What we didn’t get to see yet was some of the stuff we have for Steve. I hope we get to put him in more costumes next season because he has a pretty incredible closet waiting for him.

You’ve spoken about looking at films and California and Midwest yearbooks from 1984-1986 to accurately capture the trends of the time. How would you describe the style of that period?

It depends on which part of the country you are in. California was a little more fashion forward, while the Midwest was a good five or more years behind in trends. Fashion moved slower back then without everyone being connected digitally. So the stonewashed/acid wash trends that would have only barely started in 1986 on the West Coast wouldn’t reach the Midwest for many years after.

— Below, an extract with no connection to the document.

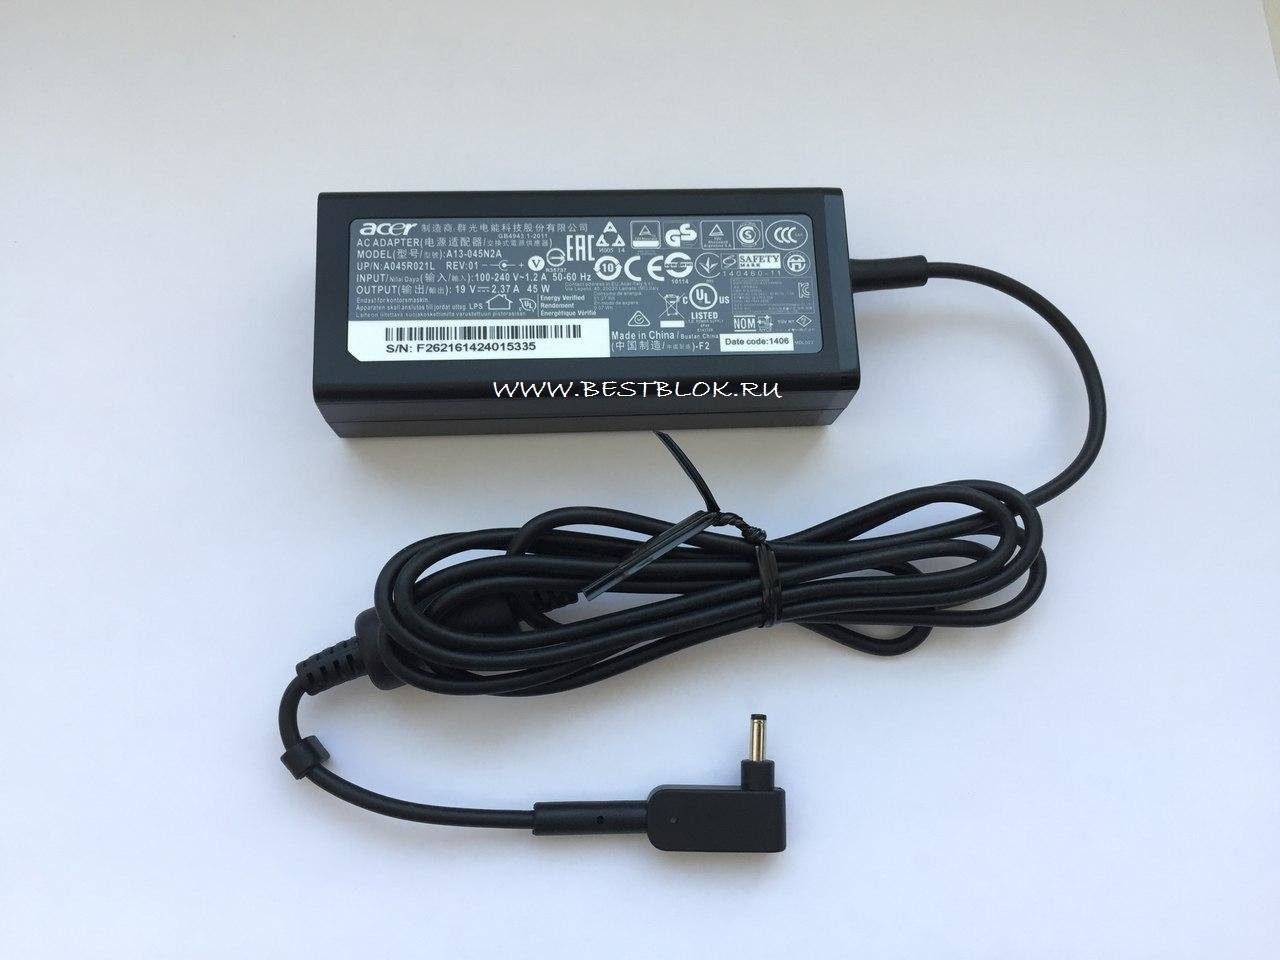 Адаптер блок питания для ноутбука ACER ADP-45HE B A13-045N2A PA-1450-26 Aspire R7-371T-55XH R7-371T-52XE R7-372T-553E-520Q V3-331-P877 V3-371 V3-372 19V-2,37A 45W (3,0*1,1mm)

We see a ton of Reebok, Converse, and Levi’s as integral parts of the main characters’ costumes throughout the series. What were the clothes that defined this specific part of the ‘80s?

In addition to those classics that are still around, brands to covet would have been Sergio Valente jeans and Bally Sneakers were huge! Esprit, Sasson, Camp Beverly Hills, Details, and Shah Safari are just some fun fashion labels of the time. Brands like Jordache and Ellesse are still around and making a comeback. (Clothing) silhouettes of the ’80s were more voluminous.

What qualities or markers were you looking for in the vintage pieces you ultimately chose for the show?

We look for it to be in great condition with little need for repair or alteration. I love a piece that is super unique and screams the character’s name when you first look at it. It’s important to reflect a unique closet for each person so we try to make each outfit significantly different from each other.

Authenticity is a term that surfaces when referencing both costume design and the vintage market. We’d love to know more about what you think makes something authentic and how the everyday shopper can apply these concepts when looking for genuine ’80s pieces themselves.

I find that looking at a tag on the garment helps validate its age. Branding and care tags on clothing were made with a higher quality and often made out of cloth vs. the cheaper paper and plastic tags that we see today. The care instructions were woven on a tag, unlike today where they are often printed on a tag, which is cheaper and quicker for the speed of contemporary fast fashion. Contemporary clothing of at least the past 10 to 15 years is blending lots of elastic, essentially for comfort, into fabric. Denim is now often blended with stretch which was extremely rare and non-existent in mens’ denim in the ’80s so we have a rule–no mens’ jeans with stretch!

When in doubt we Google it. If a brand name is familiar but we are unsure of the date, we’ll check online to see when the brand was established. I have a running list of ’80s brands for myself and my shopper to be on the lookout for.

You’ve spoken about the amount of work that goes into “aging” and “wearing” clothing on the show to give the appearance that it has been genuinely worn over time. Is this also a marker that you look for in vintage items?

It is something I look for when it makes sense for the story. If a character is a blue collar worker it makes more sense to do a deep online search for that piece that was worn by someone for many years and has true wear marks. If that person was a painter, you’ll have all the signs of past projects in the way the paint is organically placed on the clothing, which is possible to replicate but can be quicker to find the real thing.

What other advice would you give the average Joe who is looking for authentic vintage clothing?

With all the resources available online it can be very overwhelming to start searching for vintage. I would recommend starting by looking for something specific whether it’s by a particular brand you’ve noticed or a specific piece. Visit your local vintage or second hand store and try on different pieces to see which silhouettes are most flattering on you so when you find something online you’ll have an idea of how it will fit you. Also–take a risk, try something you haven’t worn before or thought you wouldn’t like. You’d be surprised how much better clothing can look on a body than a hanger.